Assam must end Human rights violations against persons declared foreigners : Amnesty

Assam must end human rights violations against persons declared foreigners by the Foreigners Tribunals and held in detention centers across the state, Amnesty India said in its new briefing “Between Fear and Hatred: Surviving Migration Detention in Assam”.

Detention of ‘irregular foreigners’ in detention centres within prisons, often indefinitely, has become routine in Assam. The briefing traces the history of the anti-foreigner agitation in Assam, the legal regime and processes for identifying, detaining and deporting ‘foreigners’, and the inhumane conditions in detention centres in Assam.

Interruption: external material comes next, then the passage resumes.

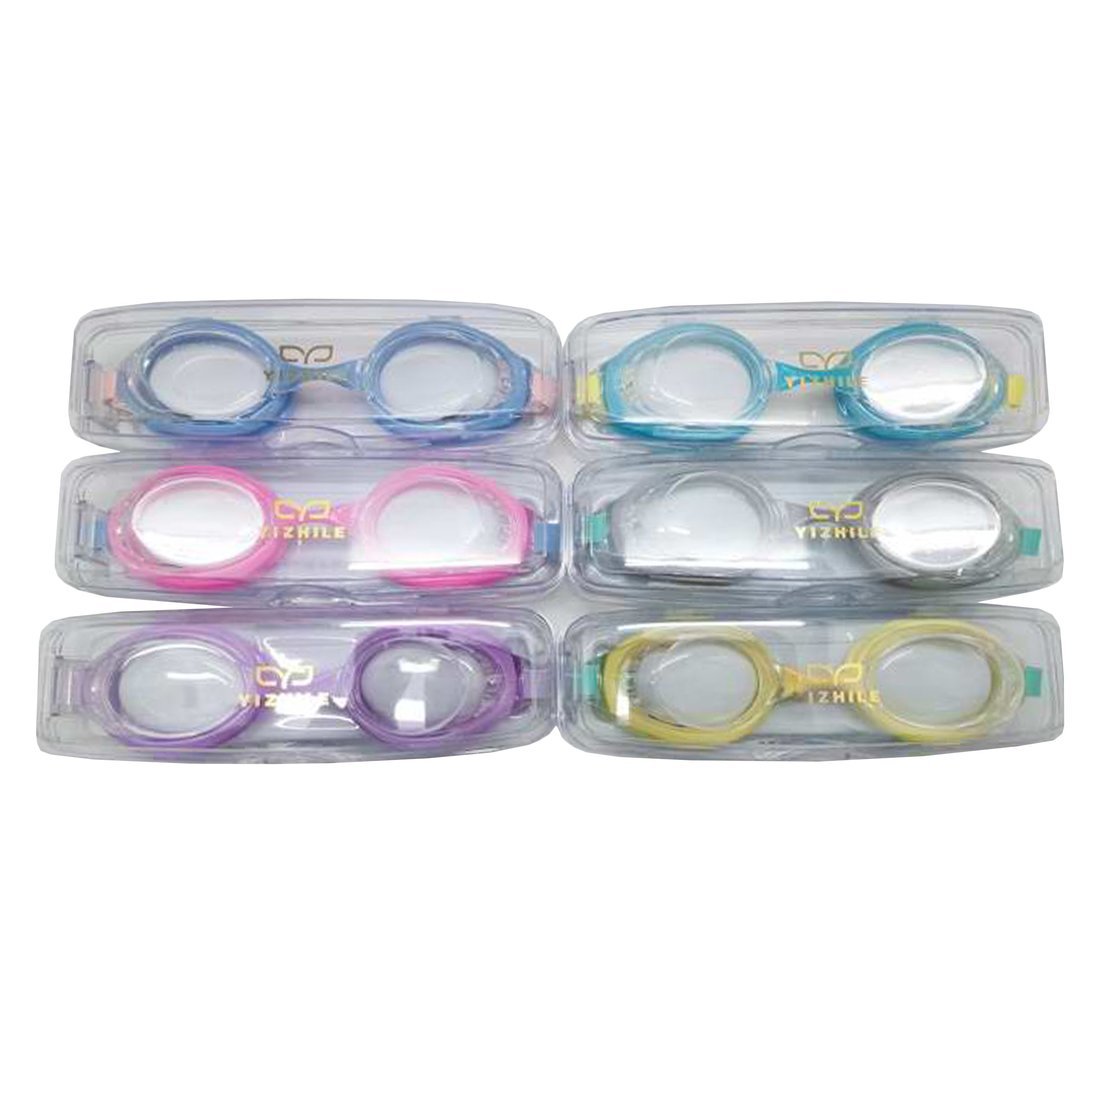 очки для плавания детские в ассорт. цвета 6 видов.

“The government of Assam should remember that the constitutional right to life and personal liberty is available to all persons, including foreigners. Detention must be an exception, and used only as a last resort, while dealing with irregular migrants” said Akar Patel of Amnety India.

He further said that their study found a number of persons who have been in detention centres for months and even years, without any access to parole. They are separated from their families and have limited contact with the outside world. Other than severely restricting movement and access to livelihood, indefinite detention has devastating effects on the mental health of those detained and their families.

Amnesty India found that there is no statutory limit on the period for which individuals declared as foreigners can be detained; individuals declared as foreigners are kept inside criminal prisons along with convicts and undertrial prisoners, circumstances and conditions of detention cause harm to individuals’ mental and physical health and foreigners Tribunals, which adjudicate citizenship cases, follow flawed processes to identify irregular foreigners.

As on 25 September 2018, 1,037 persons declared foreigners were being detained in detention centres in Assam. Many do not know what crimes have led to their incarceration. Most of them do not know what the future holds. They have no certainty about whether they will ever be released, and if so, when.

“In fact, 30% of the 1,037 detainees in detention centres as on 25 September 2018 were declared foreigners in proceedings they were not even aware of. There is pressure on Tribunals to dispose off a large number of cases and that is disturbing. The authorities have totally failed to consider non-custodial alternatives to detention,” said Leah Verghese, an Amnesty India researcher who worked on the briefing.